Жертв не было, только виновник пожара, уснувший у печки, обжег руку и, сдурев от боли, присыпал ожог холодным песком. Ему надавали пинков по толстой заднице и отправили в санчасть. Кличку «Столбняк» он таскал до конца службы.
Через десять минут обстановка у входа в парк была следующая. Представьте себе пепелище, компактное, но убедительное. В центре пепелища – школьная парта, на ней чайник и керосиновая лампа. У парты стоит некто с автоматом, жует крендель и прихлебывает из кружки остывший чаек.
К парку движется сутулая тень начальника штаба бригады.
– Стой, кто идет, – невнятно говорит караульный, продолжая жевать.
Тень безмолвствует.
– Стой, стрелять буду.
– Я тебе стрельну! Я тебе сейчас так стрельну, мать твою! Чего опять натворил?! Разжалую негодяя! Посажу! Ты мне ответишь за поджог!
– Это не я, товарищ подполковник.
– А кто?!..
И так далее в том же духе.
Оценив ситуацию и обложив всех участников шоу последними словами, начальник штаба принял соломоново решение – сделать вид, что тут ничего вообще не стояло никогда. К утру на месте караулки была идеально ровная причесанная граблями площадка, в центре которой торчала обугленная табличка «Караульное помещение в/ч ХХХХХ». За каковой цинизм мне всыпали отдельно.
На завтраке к нам подошли коллеги-минометчики, которые должны были заступать в караул следующими, и поблагодарили за избавление от этого идиотизма. Заметив, правда, что мы могли бы и раньше почесаться с поджогом. На вопрос, чего ж они сами не почесались, раз такие умные, коллеги ответили, что они умные, но, видимо, недостаточно сумасшедшие. Спасибо нам, короче, за подвиг. Тут раздался панический вопль: «Горит палатка четвертого дивизиона!». Коллеги переменились в лице и убежали. Мы, смеясь, продолжили завтрак. Через некоторое время коллеги вернулись, тоже хохоча.
– Ребята, – сказали они, – ошибочка вышла. Это ваша палатка сгорела!
В тот день я понял, отчего Минотавра прозвали Минотавром. Вверенный ему дивизион трусливо убежал от своего командира в лес. Но троих лидеров, прикрывавших отступление, Минотавр поймал, застроил, и орал на нас до пены на губах. «Мне надо вытерпеть еще полгода», – только и сказал потом страшный сержант Тхя, удрученно вздыхая.
Минотавр, когда ему вступало в голову, совершенно не помнил добра. Он запамятовал даже, как на той неделе пытался дать залп по чужой цели, а я его остановил. Это был случай из тех, когда сержант громко кричит на майора, а майор потом извиняется. Мы промешкали с залпом полминуты, но избежали позора, да и попали на пять баллов – от нервов, видимо.

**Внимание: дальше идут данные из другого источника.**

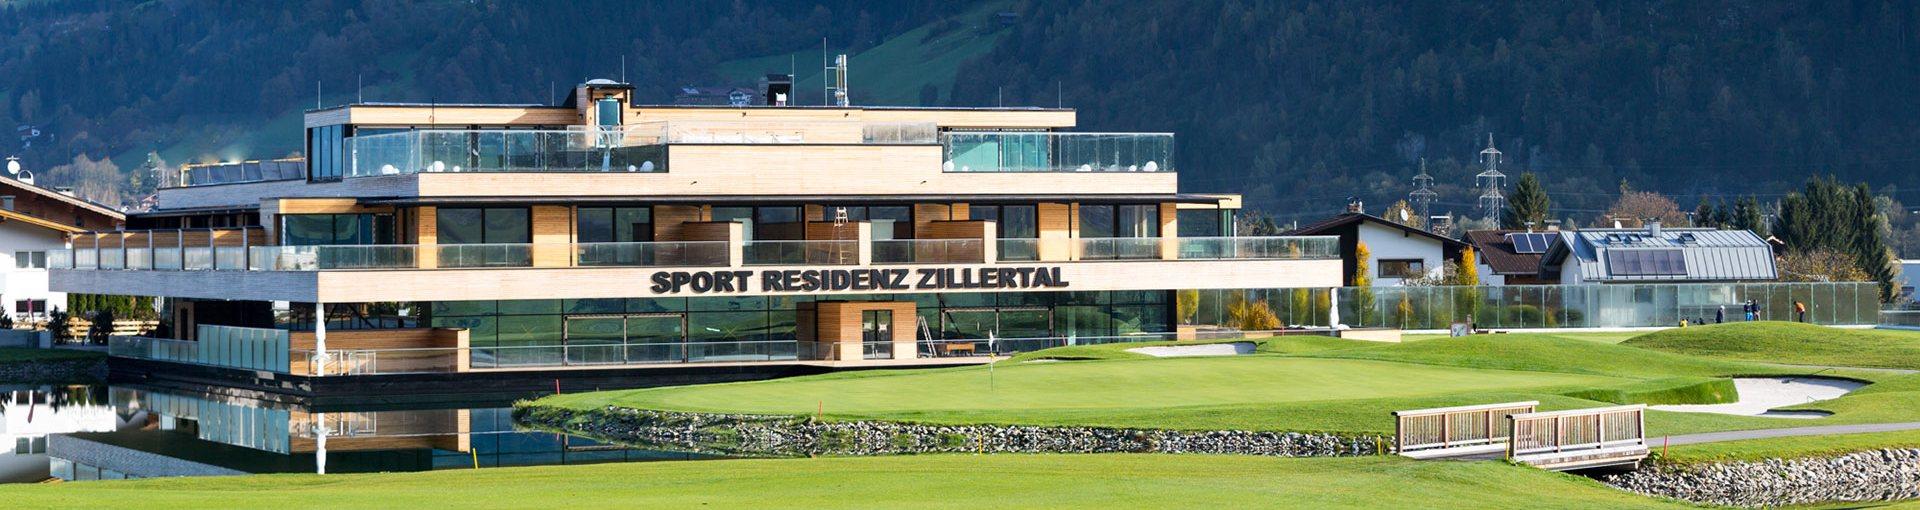 Sportresidenz Zillertal © Erste Ferienregion im Zillertal
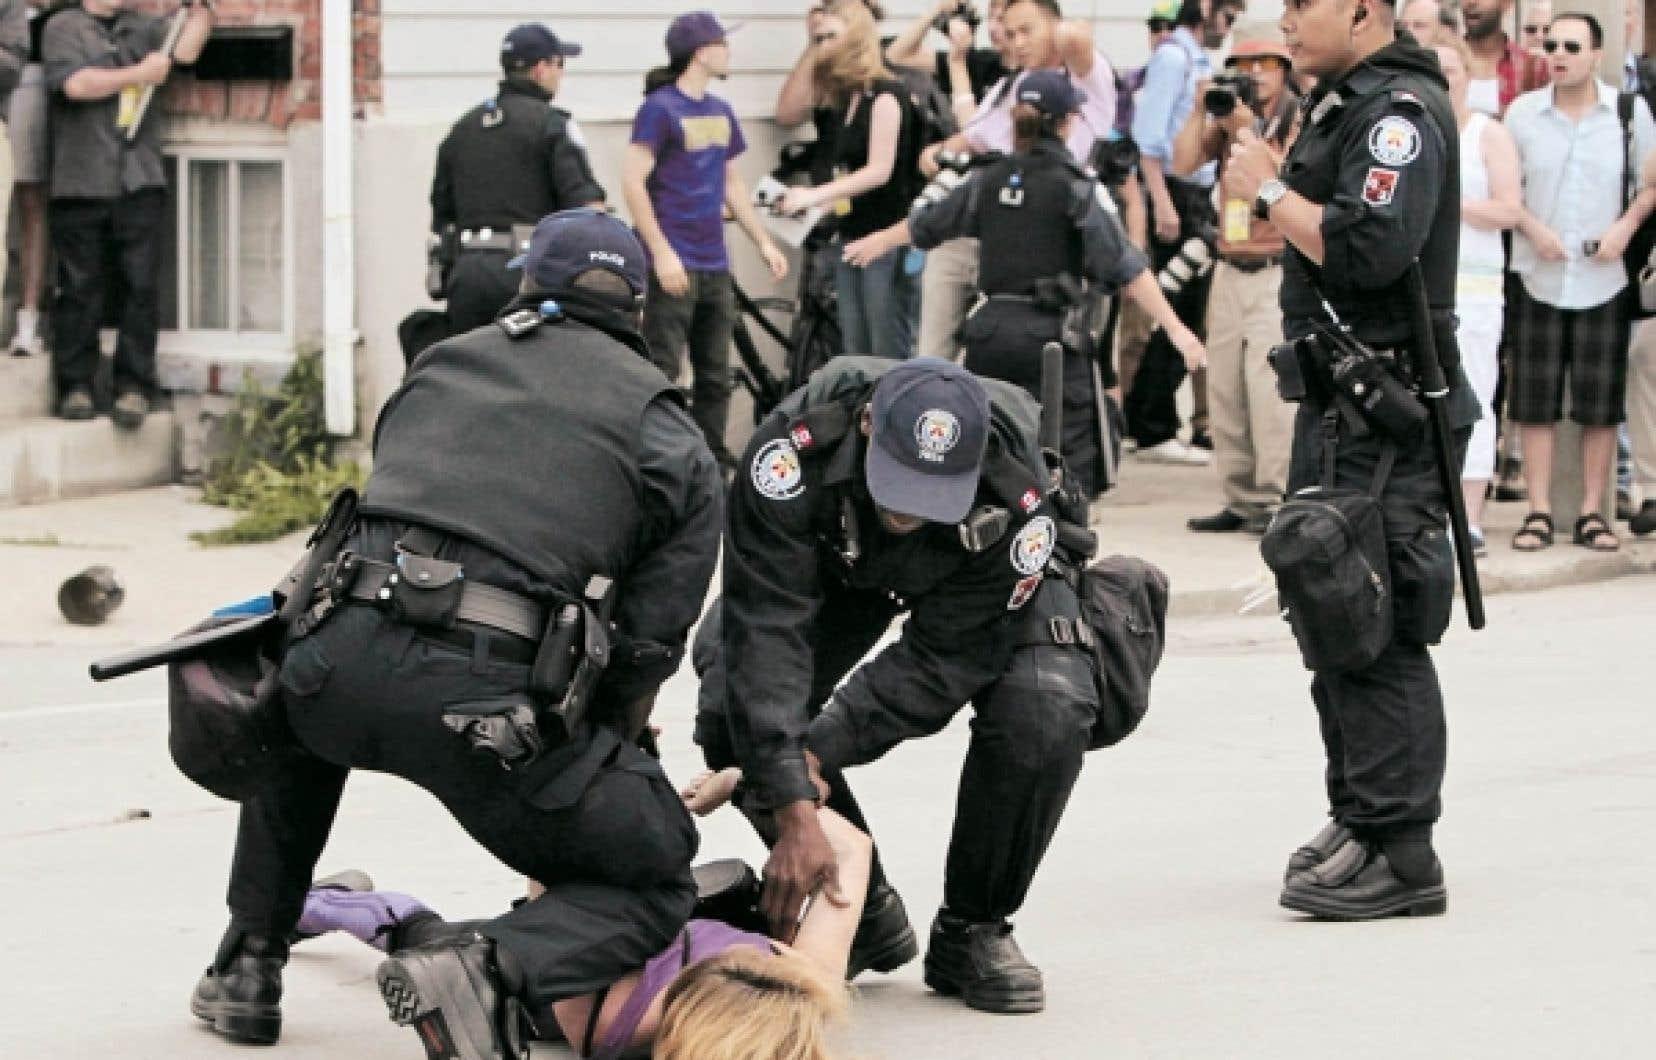 Arrestation d'une jeune femme au cours d'une manifestation au centre-ville de Toronto, dimanche.

Он же меня сам не пустил на огневую и посадил к себе старшим радиотелефонистом. И все, чем мы стреляли, летало теперь над моей головой. Сначала ты слышишь «бух». Потом секунд двадцать молишься всем богам. Потом высоко в небе раздается свист. Ура, ура, можно ничего не бояться. Пусть теперь боятся списанные бэтээры без колес, служащие нам мишенями. Когда фугаска падает рядом, бэтээры летят кувырком. А воронка остается – пару трейлеров похоронить.
И зачем нас угораздило полюбить самоходную артиллерию?! Какого черта мы стоически перенесли «злую дедовщину»? Для чего сделали из разваленного дивизиона боеспособное подразделение с красным вымпелом победителя соцсоревнования? Видимо, только для себя. Чтобы от скуки с ума не сойти.
Я стоял перед заходящимся в крике Минотавром и думал: что он знает о нас? Что может сделать с нами? И, главное, что может нам сказать? Ничего. Ничего. Ничего. Каждый из нас, двадцатилетних оболтусов, лучше Минотавра управлял людьми и тверже держался кодекса чести. Настоящих командиров в дивизионе было четверо: мы, три сержанта, и эксцентричный отморозок капитан Каверин, перед училищем отслуживший срочную. Вот кого дивизион любил и охотно слушался.
Ведь строевой офицер, друзья мои, это, извините за пафос, не звезды на погонах, а достоинство, воля, чувство юмора и умение прощать. Это сложная и вредная профессия, не каждому по плечу.
Минотавр обрушивал на наши головы потоки угроз. Накатила тоска. Еще месяцы и месяцы, бесконечные месяцы этого кошмара впереди. Трудно быть под началом того, кому не доверяешь. Главное, во внеслужебное время Минотавр преображался, становился вменяемым и приятным в общении человеком. Фу. Воевать с ним было милое дело. Дружить, как я потом узнаю, тоже. А вот тянуть лямку изо дня в день – утомительно.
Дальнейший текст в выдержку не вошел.